Il arrive qu'une poignée de personnes contrôlent les informations de milliards d'autres personnes, ce qui est décidément injuste et antidémocratique. Nous assistons à une révolution technologique qui a un impact plus important que même la révolution industrielle; on pensait qu'Internet contribuerait positivement à notre croissance, mais en réalité, il a rapidement démontré un certain nombre d'effets négatifs que divers gouvernements commencent seulement à reconnaître. Par exemple? Ils nous bourrent de mensonges, il est donc difficile de séparer les faits réels des théories du complot. Les fausses nouvelles se propagent beaucoup plus rapidement que les vraies nouvelles, car - vous savez - la vérité est ennuyeuse. Ici: avec mon travail j'ai voulu montrer cette dangereuse division du pays et du monde, dans laquelle l'hostilité semble augmenter de façon exponentielle malgré tout le reste. Je veux croire en l'humanité des individus, au sens de la collectivité, dans le désir de partager et je voulais en quelque sorte le montrer dans la suite de Borat.

Il a tourné des scènes et des rencontres qui semblent souvent incroyables: il a réussi, par exemple, à organiser une interview de son «journaliste» avec Rudy Giuliani dans une chambre d'hôtel. Avez-vous déjà eu des crises de panique craignant d'être mal reconnu et expulsé?
Je savais que je me retrouverais dans des situations difficiles et fatigantes et en fait, dans les premiers jours de tournage, nous avons été informés d'une éventuelle intervention armée d'un groupe de suprémacistes blancs: le FBI craignait une fusillade de masse. Dans cette scène, je portais une chemise avec une écriture certainement pas en faveur de la National Rifle League … J'ai donc décidé de porter un gilet pare-balles.

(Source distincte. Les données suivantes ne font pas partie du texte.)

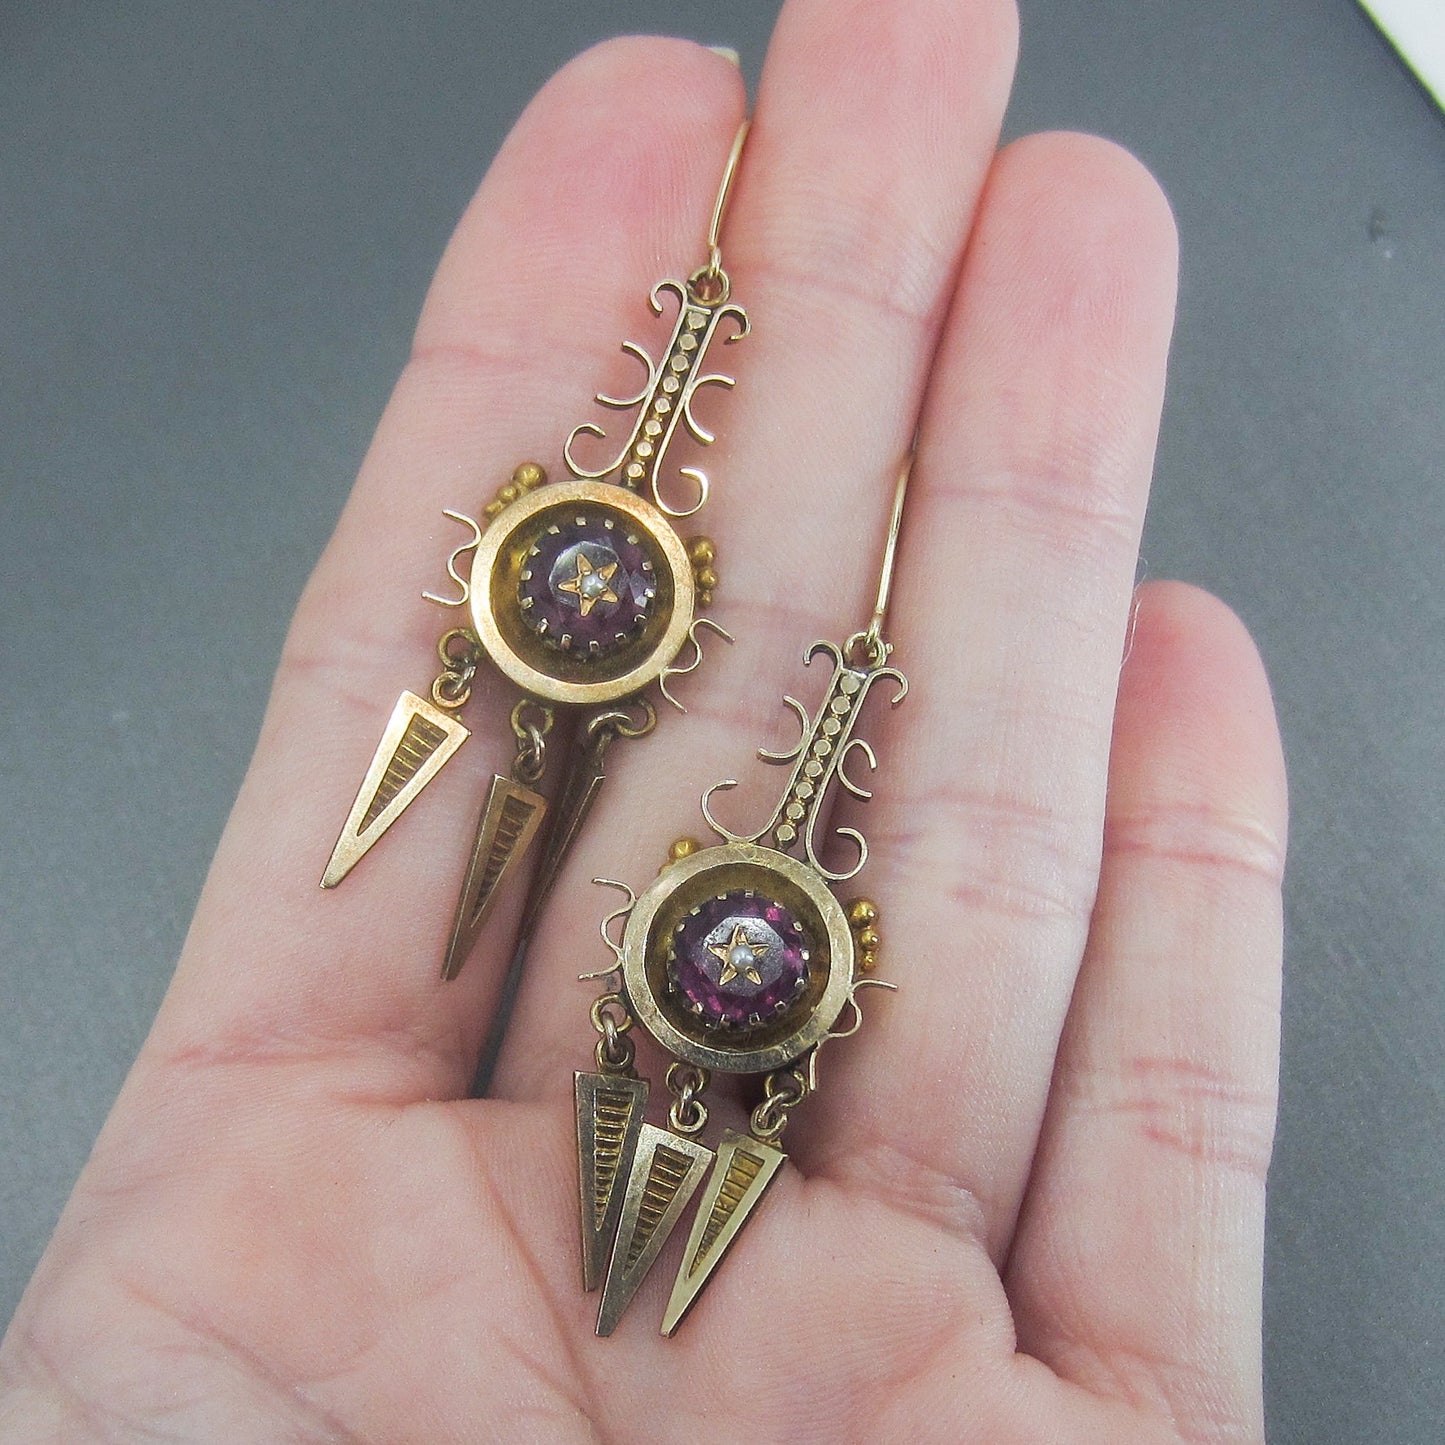 SOLD-Victorian Etruscan Revival Amethyst and Pearl Earrings 12k c. 1880

Comment surmontez-vous les moments de peur?
Avec une technique simple qu'un ami surfeur m'a apprise: inspirez et expirez profondément par le nez. J'étais très stressé pendant le tournage (rires) et c'était une façon de "calmer" les battements de cœur. Tout se résume toujours à la question de pouvoir… bien respirer. Abbie Hoffman: une personnalité hors ligne.

Ridicule comme l'enfer

Qu'est-ce qui vous a fasciné dans le projet d'Aaron Sorkin?
Le sujet. A l'université, j'ai rédigé ma thèse sur «Les Juifs dans la lutte pour les droits civils des Noirs dans les années 1960»: Abbie était l'un des étudiants juifs les plus radicaux. Avant de tourner The Chicago 7 Trial, je me suis replongé dans ses écrits, écouté ses discours, imité sa voix. C'était un personnage complexe avec une personnalité contradictoire. Il avait un charisme incroyable et un talent naturel d'orateur; c'était un agitateur courageux, prêt à mettre sa vie en jeu pour construire un monde meilleur.

Comment t'es-tu préparé?
Je pars toujours de la voix pour construire le personnage et je me suis tourné vers le coach que j'avais rencontré sur le tournage d'Hugo, le légendaire Tim Monich.J'étudie la cadence, le langage, la syntaxe, la ponctuation puis je joue avec l'accent et le rythme. Seulement pas à pas aux mouvements du corps, à la physicalité. C'est ainsi que j'ai rassemblé tous mes personnages, d'Ali G à Brüno. Borat et Donald Trump: qu'ont-ils en commun? Borat est une version extrême de Trump. Ce sont des misogynes, des racistes, ils soutiennent les mouvements antisémites et anti-musulmans, ils ont des vues rétrogrades, ils ne sont intéressés par aucune forme de démocratie. Enfin, avouons-le, ils sont ridicules. À mort.